Evolutionary Conserved Regulatory Mechanisms of the JAK/STAT Pathway
Acta Universitatis Tamperensis No. 1775


By Juha Grönholm
December 2012
Tampere University Press
Distributed By Coronet Books
ISBN: 9789514489488
151 pages
$87.50 Paper Original

Cytokines are secreted proteins or glycoproteins that are responsible for mediating cell to cell signals and orchestrating numerous biological events including the activation, proliferation and differentation of the cells of the immune system. Cytokine signals are mediated through specific transmembrane receptors on the surface of their target cells. The binding of a hematopoietic cytokine to its receptor triggers the activation of receptor-associated Janus kinases (JAKs). This is followed by the activation of their downstream targets, Signal transducers and activators of transcription (STATs) through tyrosine phosphorylation. Activated STATs dimerize and translocate to the nucleus, where they modulate the transcription of their target genes. The activity of this signaling cascade is under the control of regulatory proteins, such as Protein inhibitors of activated STAT (PIAS), Suppressors of cytokine signaling (SOCS) and various protein tyrosine phosphatases (PTPs). Moreover, JAKs and STATs are regulated by different post-translational modifications, like in the case of STAT1 and STAT5 through the covalent conjugation of a small ubiquitin-like modifier (SUMO).

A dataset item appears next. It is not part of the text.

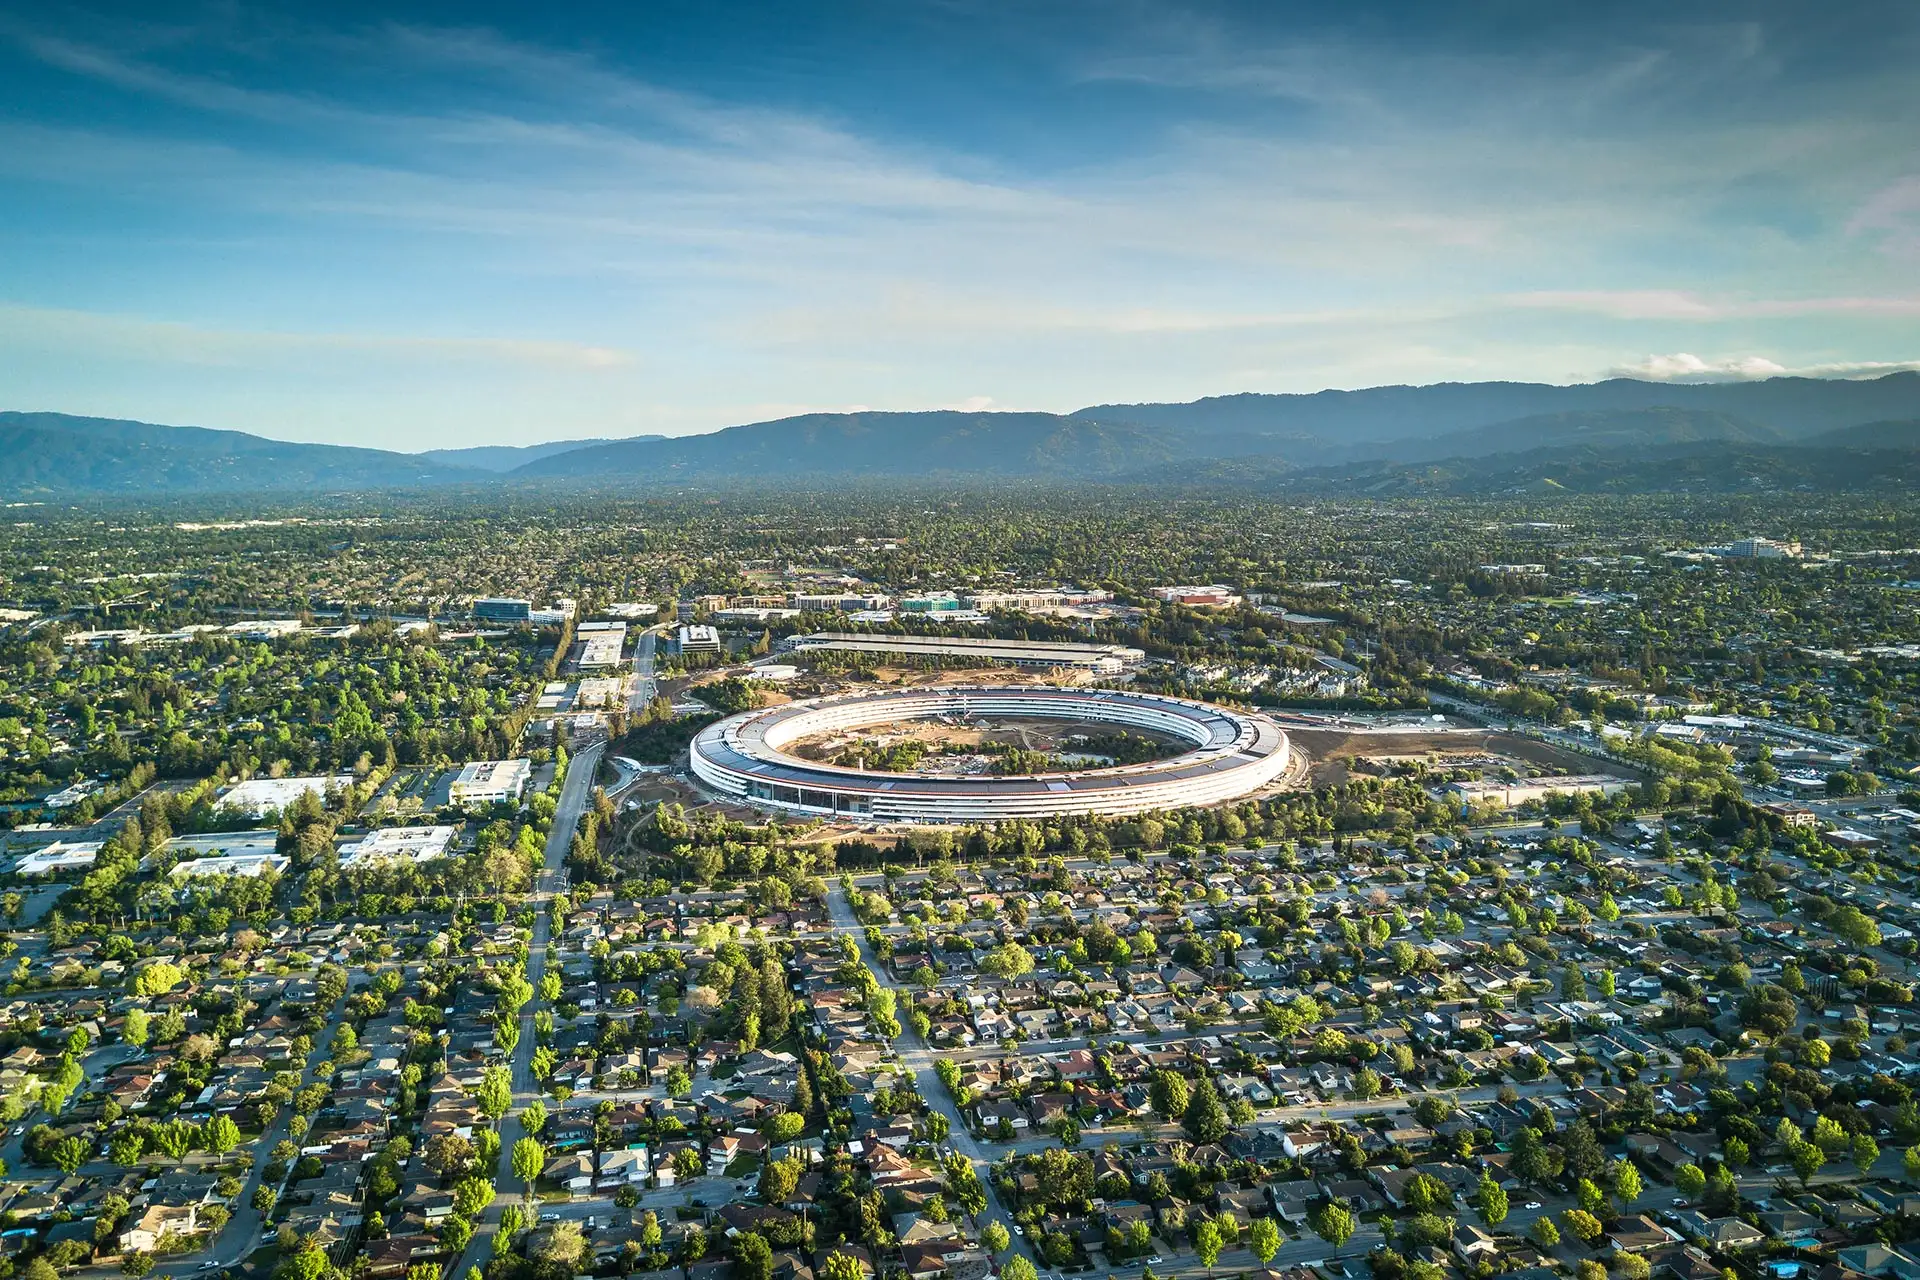 Apple's campus in Cupertino, California

The JAK/STAT pathway has been conserved throughout evolution. In the fruit fly, Drosophila melanogaster, the JAK/STAT cascade plays a crucial role in various developmental events as well as in the immune response, and it is activated by a set of secreted mediators called Unpaired (Upd). In this thesis Drosophila melanogaster was used as a model organism to study the regulation of the JAK/STAT pathway. The only known Drosophila STAT transcription factor, Stat92E, was shown to be modified with SUMO at a single lysine, K187. Mutating this SUMO conjugation site increased the Upd-induced transcriptional activity of Stat92E, suggesting that the sumoylation of Stat92E negatively regulates the Drosophila JAK/STAT pathway. This indicates that sumoylation is an evolutionary conserved regulatory mechanism of STAT-mediated signal transduction.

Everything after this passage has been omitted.